Secondo Martino Iuvara, docente di Letteratura Italiana all’Università di Palermo, la chiave del mistero sta proprio nell’anno di nascita di Shakespeare. In quell’anno, secondo le biografie ufficiali, William sarebbe nato a Stratford da John Shakespeare e Mary Arden, stessa data di nascita di Michelangelo Florio Crollalanza, figlio di Giovanni Florio e Guglielma Crollalanza, secondo quanto sostiene Iuvara e anche studiosi dell’Università di Southampton. Causa le credenze religiose del padre, un pastore calvinista in pericolo nella Sicilia dominata dall’Inquisizione, Michelangelo, o Shakespeare, non più al sicuro, venne prima mandato in Valtellina e poi a Milano, Padova, Verona, Faenza Venezia e Treviso, dove comprò casa, chiamandola Otello: un’altra coincidenza che la casa potesse avere il nome di una fra le più note sue tragedie. Michelangelo studiò a Venezia, Padova e Mantova; poi, viaggiò molto in Danimarca, Grecia, Spagna e Austria. Pare che, attraversando l’Europa, egli si fosse innamorato di una giovane di nome Giulietta, relazione contrastata dai familiari, che avrebbero portato la ragazza al suicidio.

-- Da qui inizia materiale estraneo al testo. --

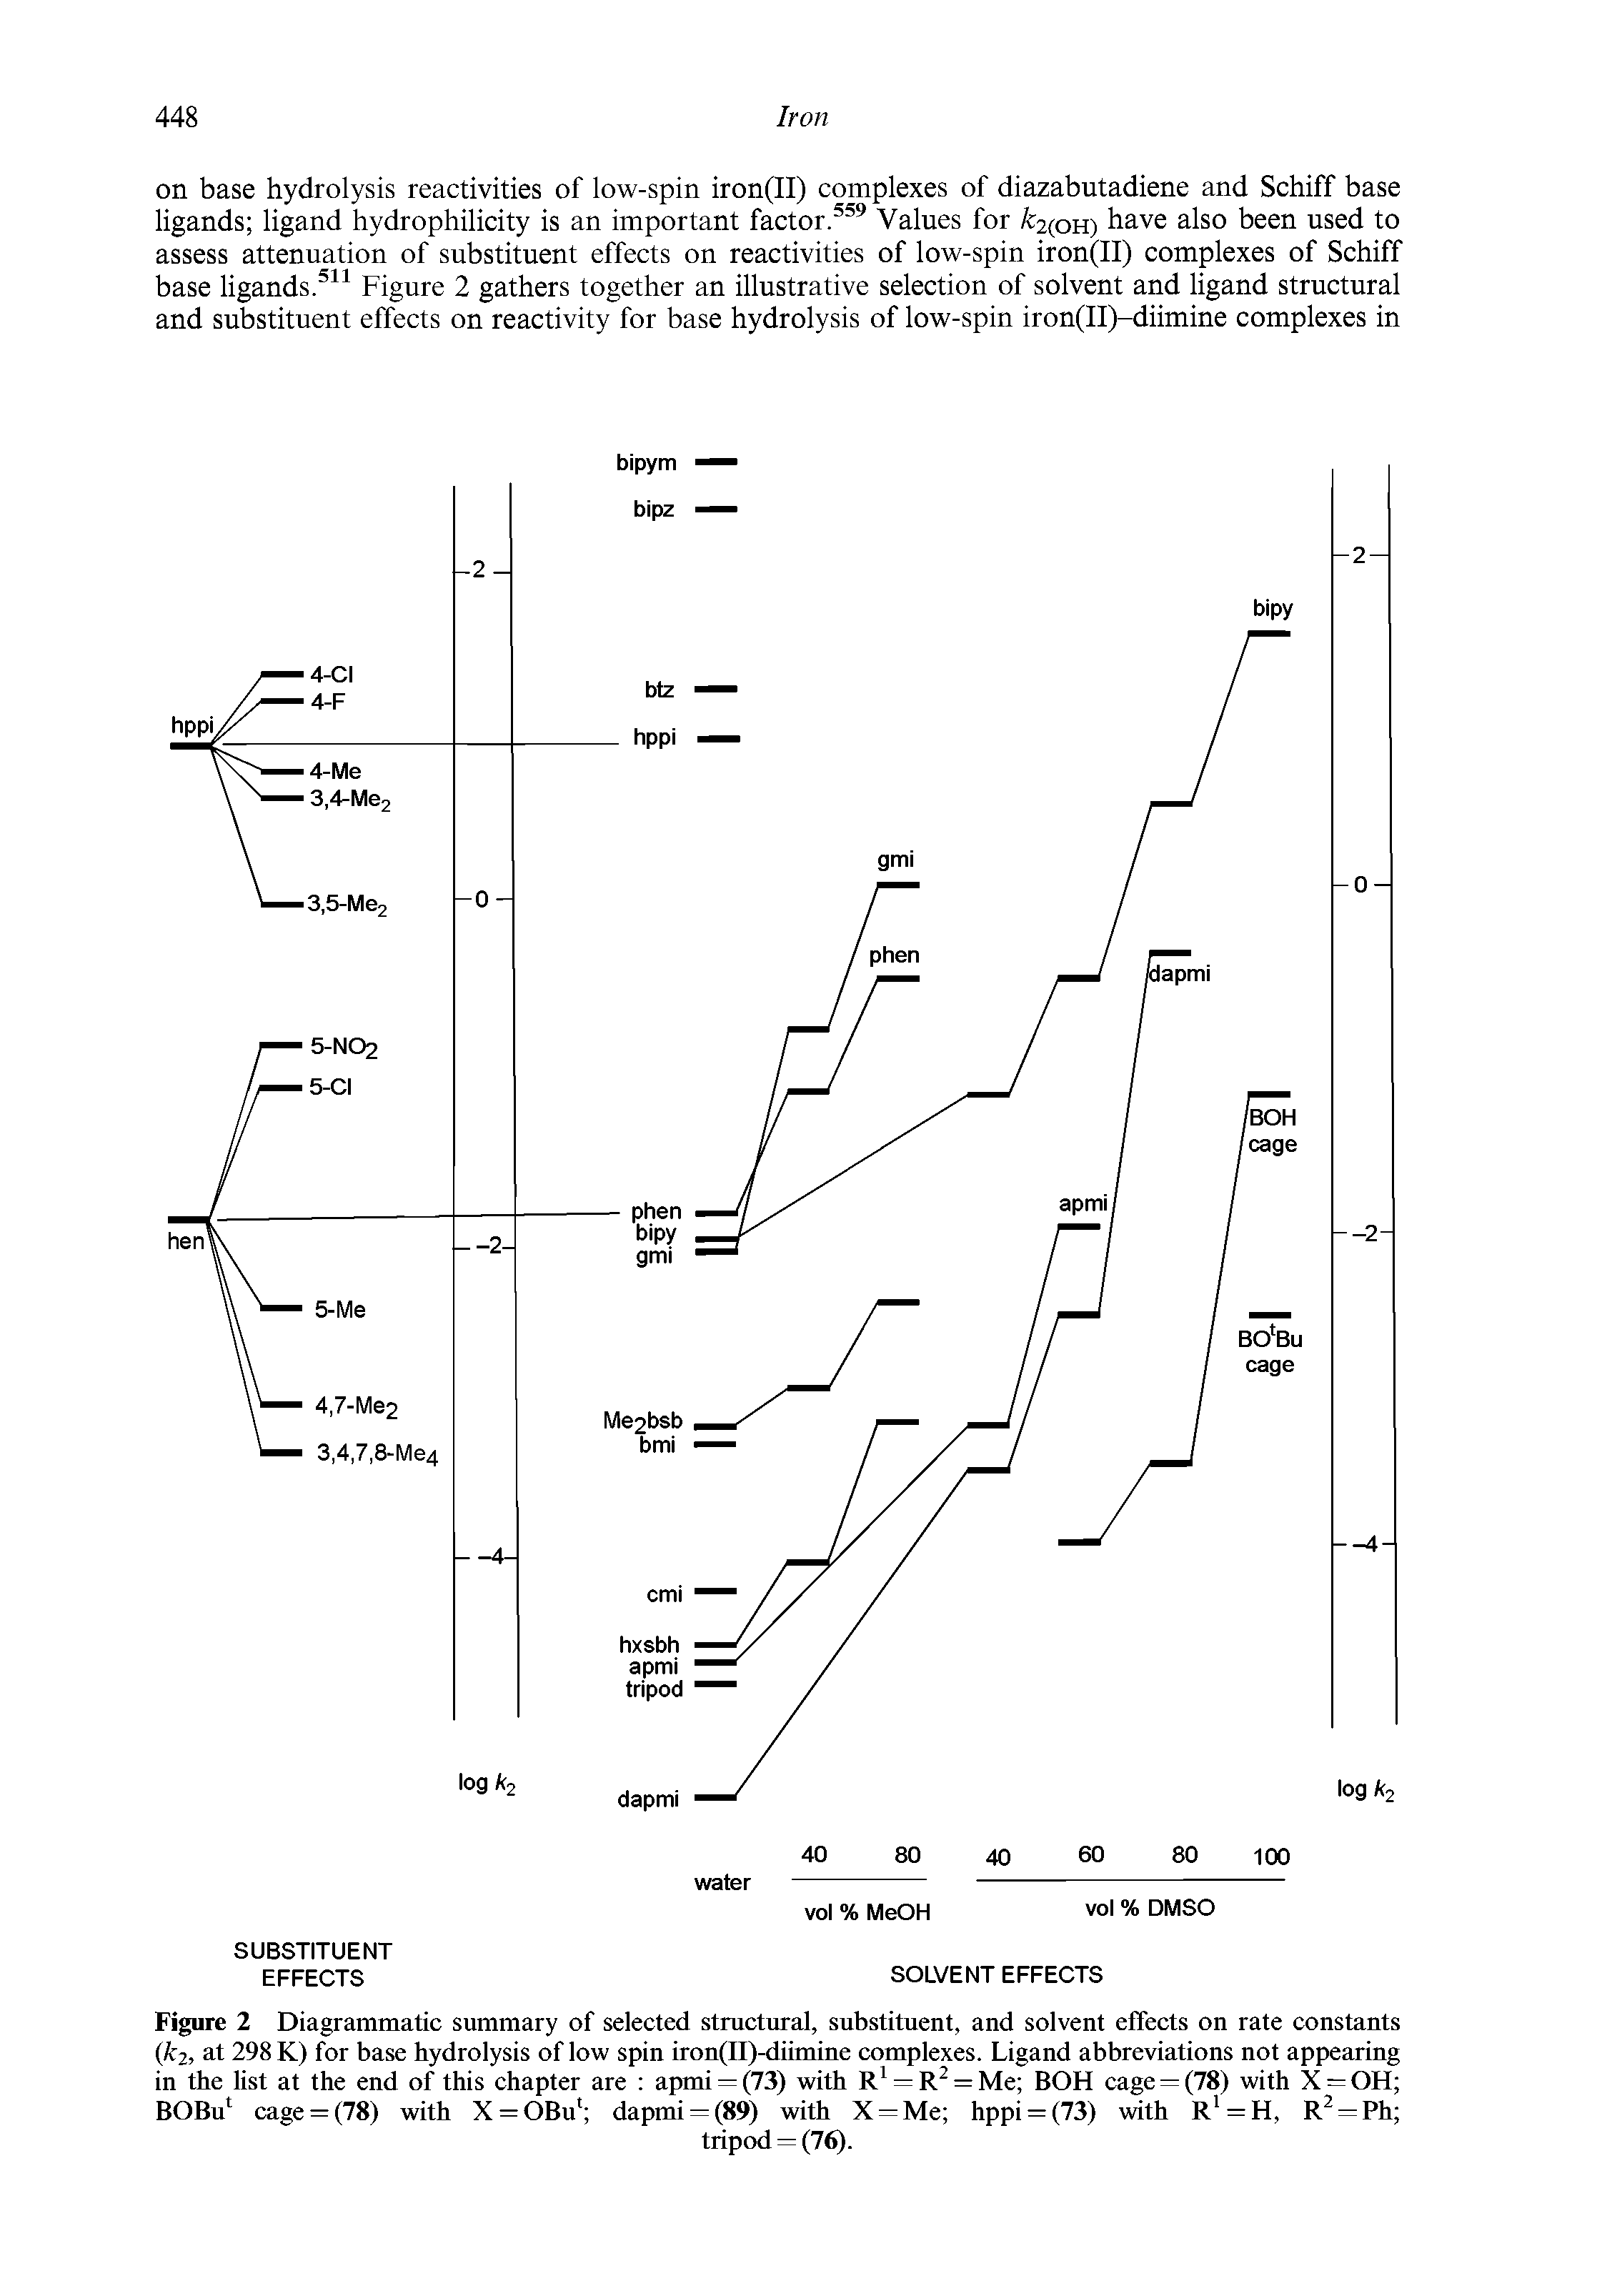 Figure 2 Diagrammatic summary of selected structural, substituent, and solvent effects on rate constants (kj, at 298 K) for base hydrolysis of low spin iron(II)-diimine complexes. Ligand abbreviations not appearing in the list at the end of this chapter are apmi = (73) with = Me BOH cage = (78) with X = OH ...

Durante questi viaggi, Michelangelo strinse anche amicizia con Giordano Bruno che conosceva i conti di Pembroke e, sotto il loro patrocinio, nel 1588, il 24enne Michelangelo raggiunse l’Inghilterra. A Stratford, la signora Crollalanza aveva un cugino il cui figlio, di nome William, era morto prematuramente. Sembra che Michelangelo abbia preso il nome proprio da questo cugino, ma potrebbe anche aver semplicemente tradotto esattamente il nome e il cognome della madre. Nel suo Saggio “Shakespeare era italiano”, Iuvara cerca di dare risposte anche ad altre domande: come poteva il figlio di un guantaio – come la storia della letteratura tramanda – possedere l’immensa cultura classica che Shakespeare dimostra? Fra le storie da lui narrate e Stratford non ci sono legami e questo ha fatto sospettare che, in realtà, le origini di William Shakespeare non siano quelle che vengono riportate nei libri di letteratura. Non c’è nulla che unisca la sua vita e le sue opere alla cittadina inglese di Stratford on Avon. E poi, perché mai Shakespeare avrebbe dovuto farcire la sua Commedia “Much ado about Nothing” con espressioni tipicamente siciliane tipo “mizzica”? Ci sono troppi “mizzica” nelle opere di Shakespeare che ci fanno affermare che è siciliano. Questa commedia richiama il detto “Tantu trafico ppi nenti”, scritta da Michelangelo Florio, nel 1579.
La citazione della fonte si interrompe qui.